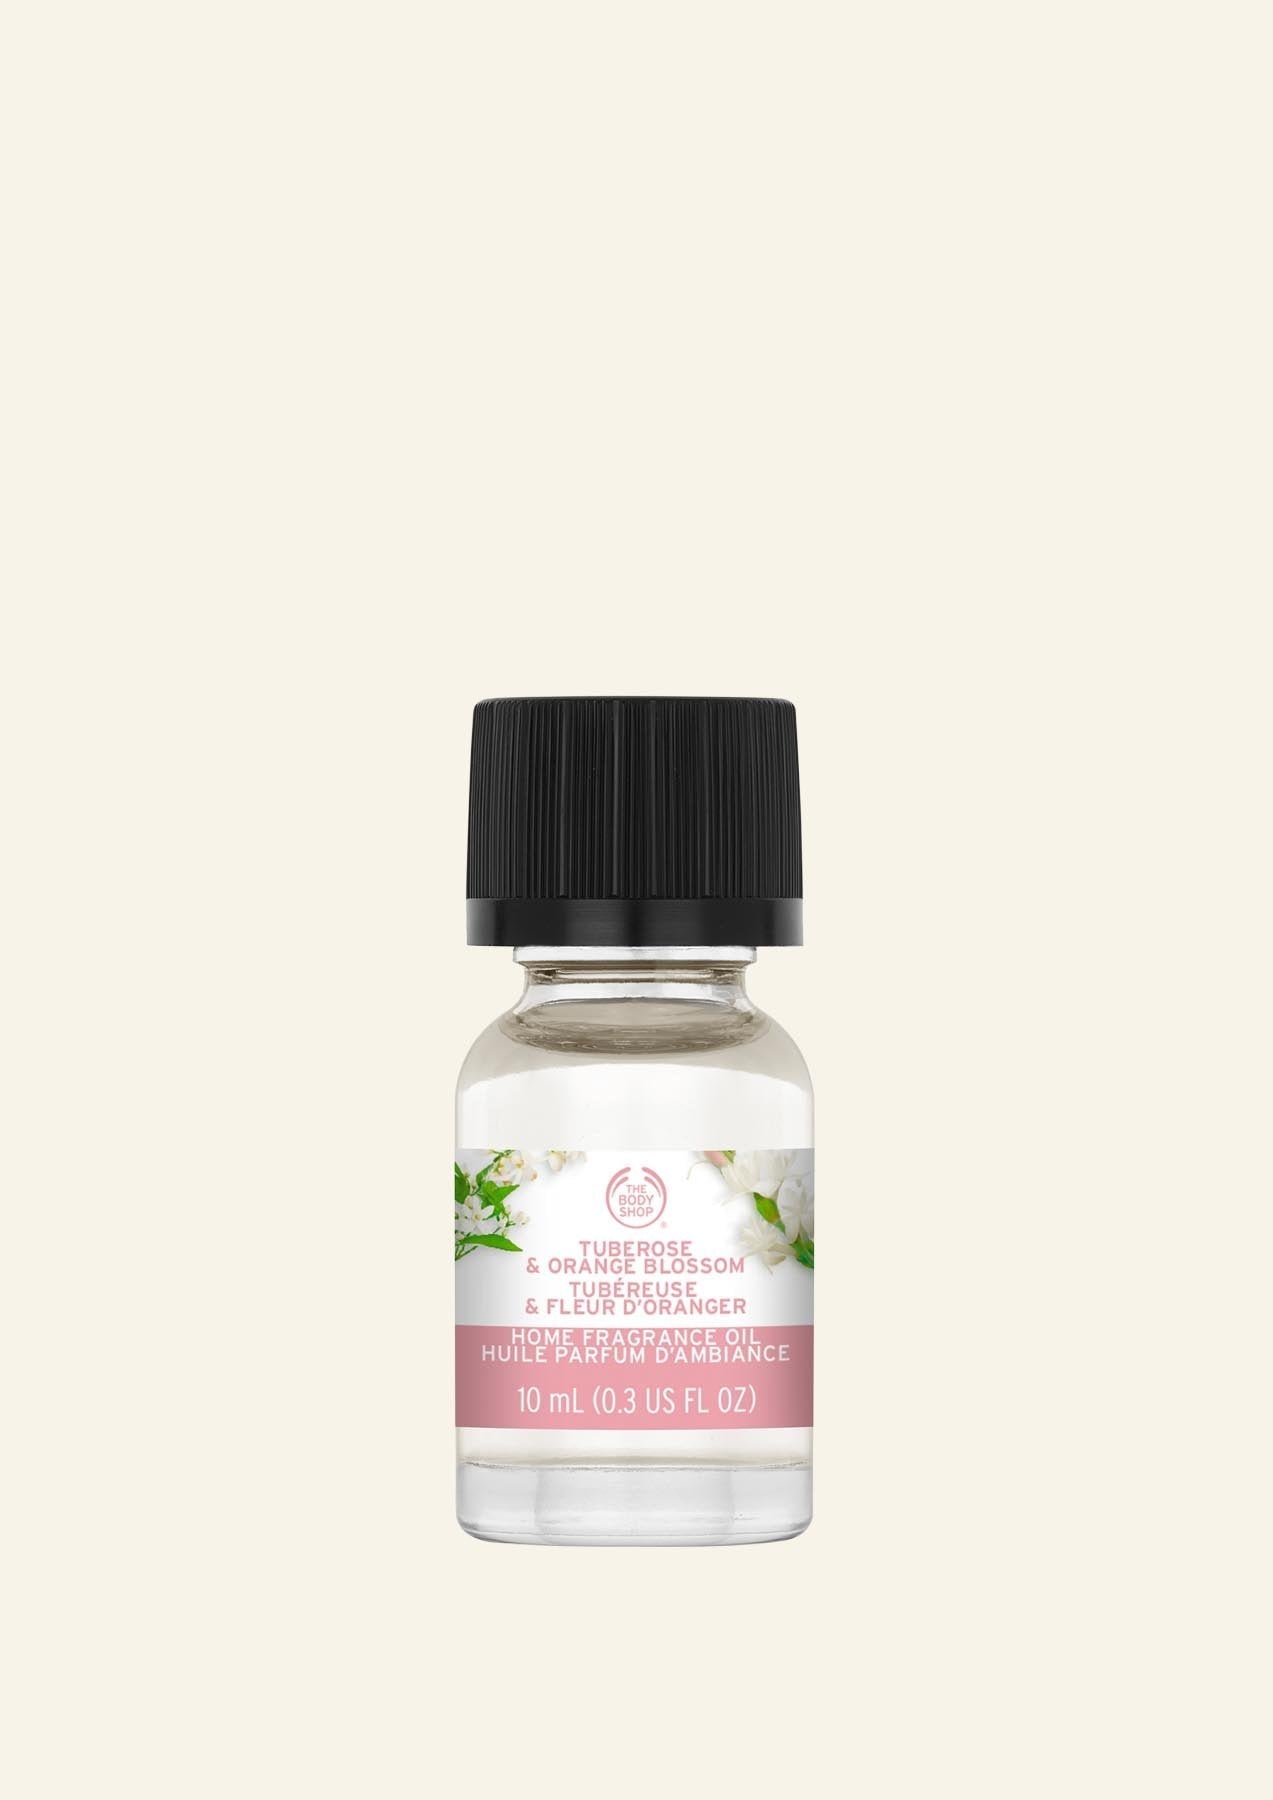 Tuberose & Orange Blossom Home Fragrance Oil
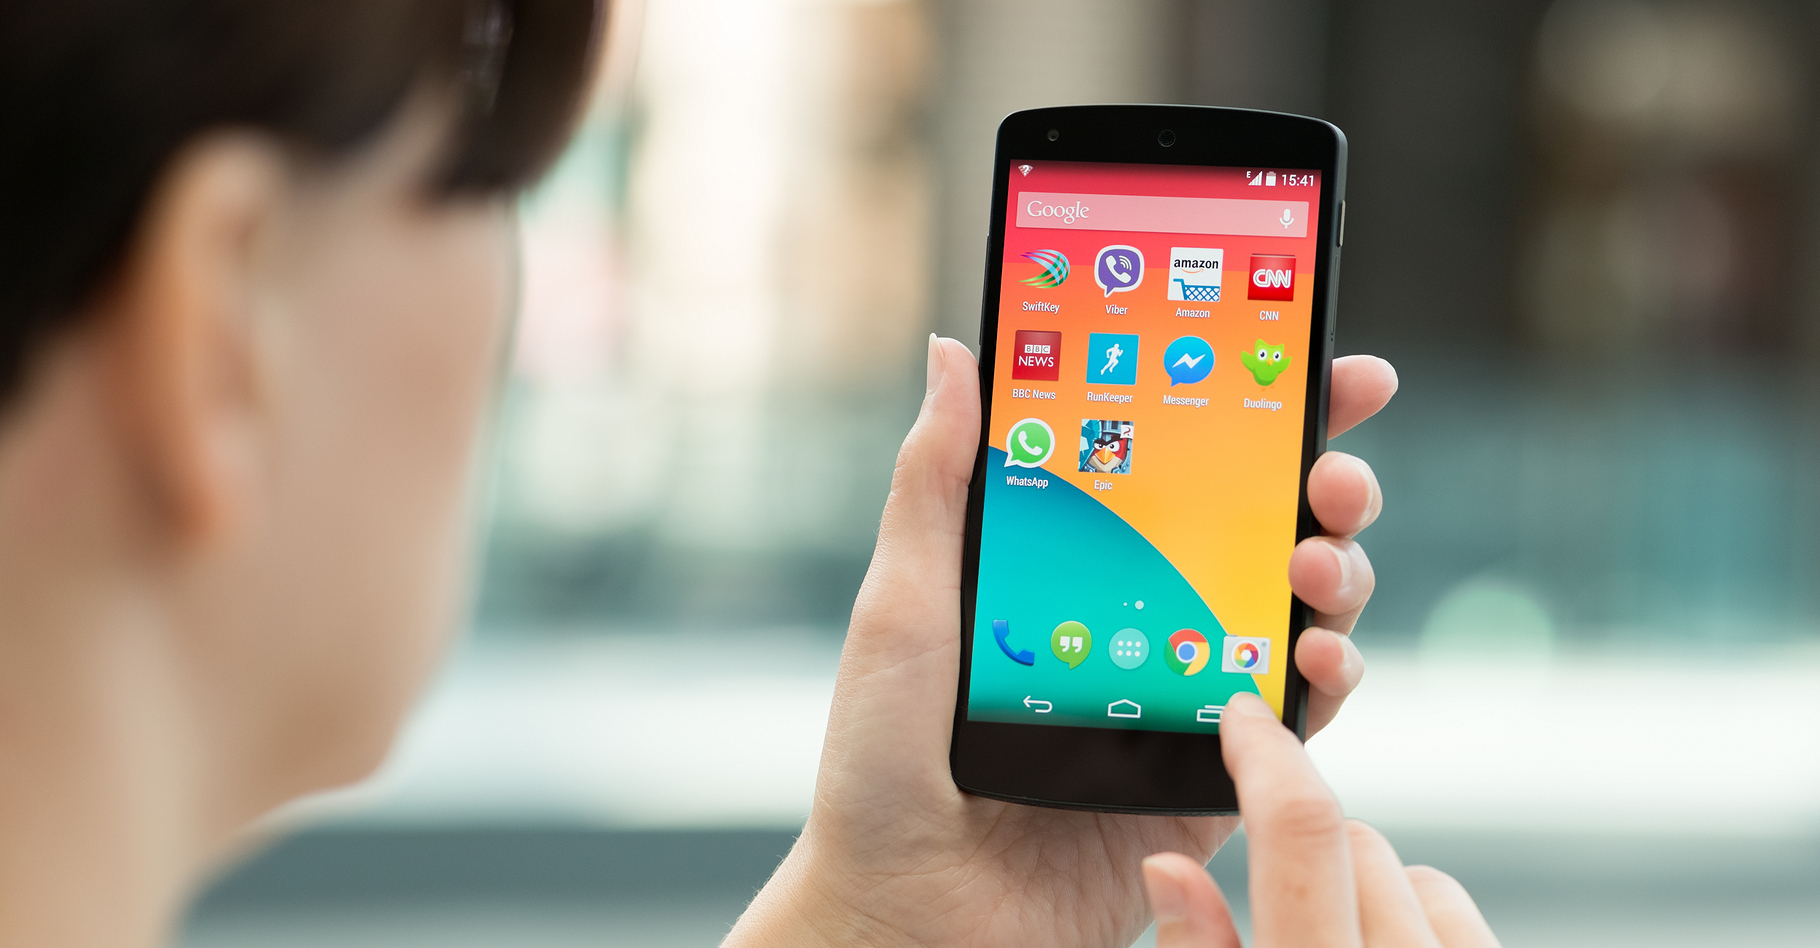 Un smartphone Android peut devenir une véritable télécommande pour PC, grâce au Wi-Fi. © Bloomicon, Shutterstock
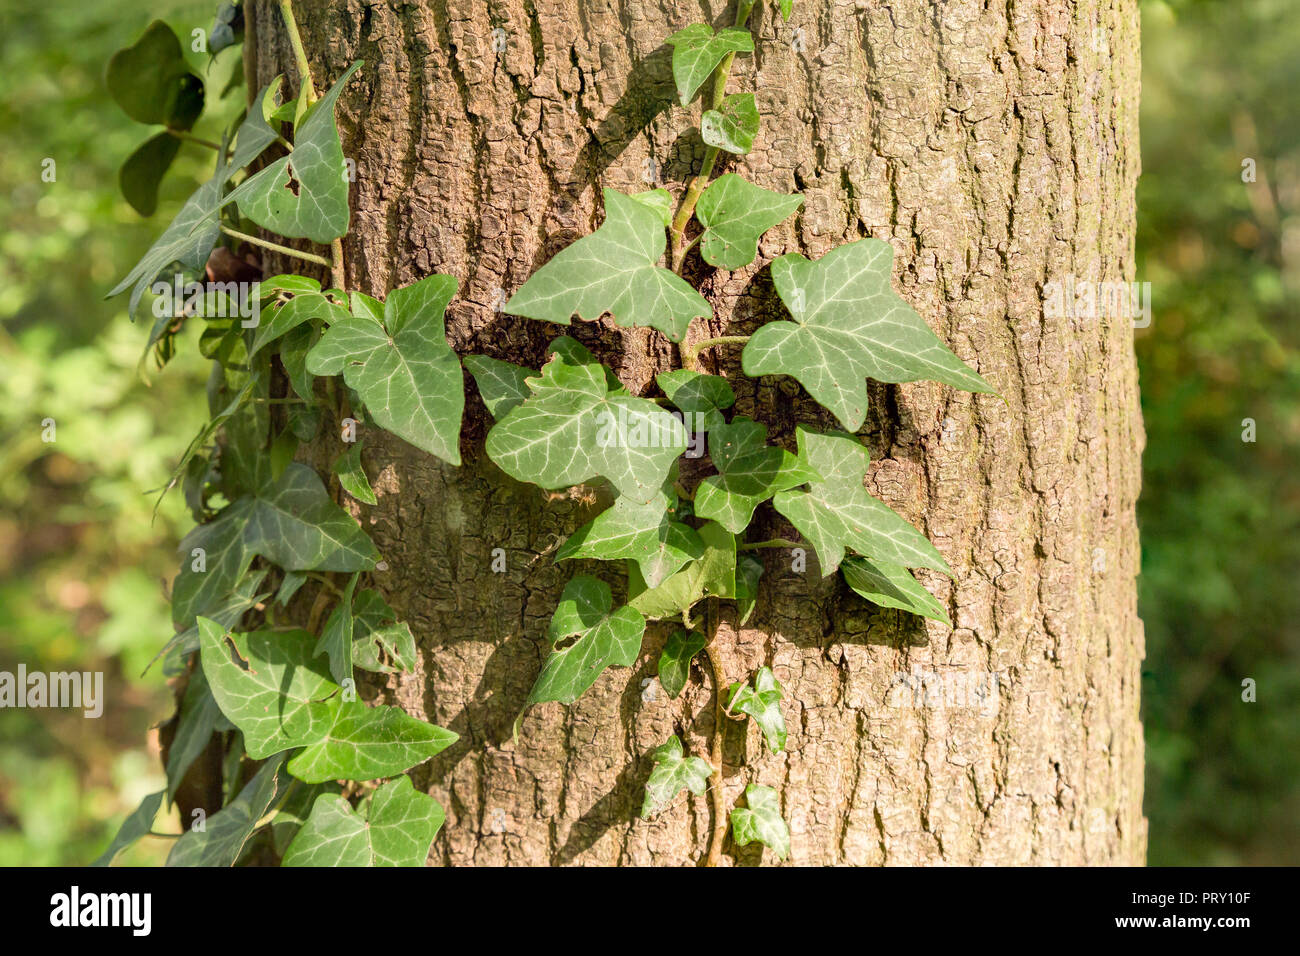 Efeu und Ranken am Baum, Laxenburg, Austria Stock Photo

(Assigned task) Copy out nothing but text: transcribe the listing exactly and skip each picture.

(Task output)
 Tuberose & Orange Blossom Home Fragrance Oil
 Un smartphone Android peut devenir une véritable télécommande pour PC, grâce au Wi-Fi. © Bloomicon, Shutterstock
 Efeu und Ranken am Baum, Laxenburg, Austria Stock Photo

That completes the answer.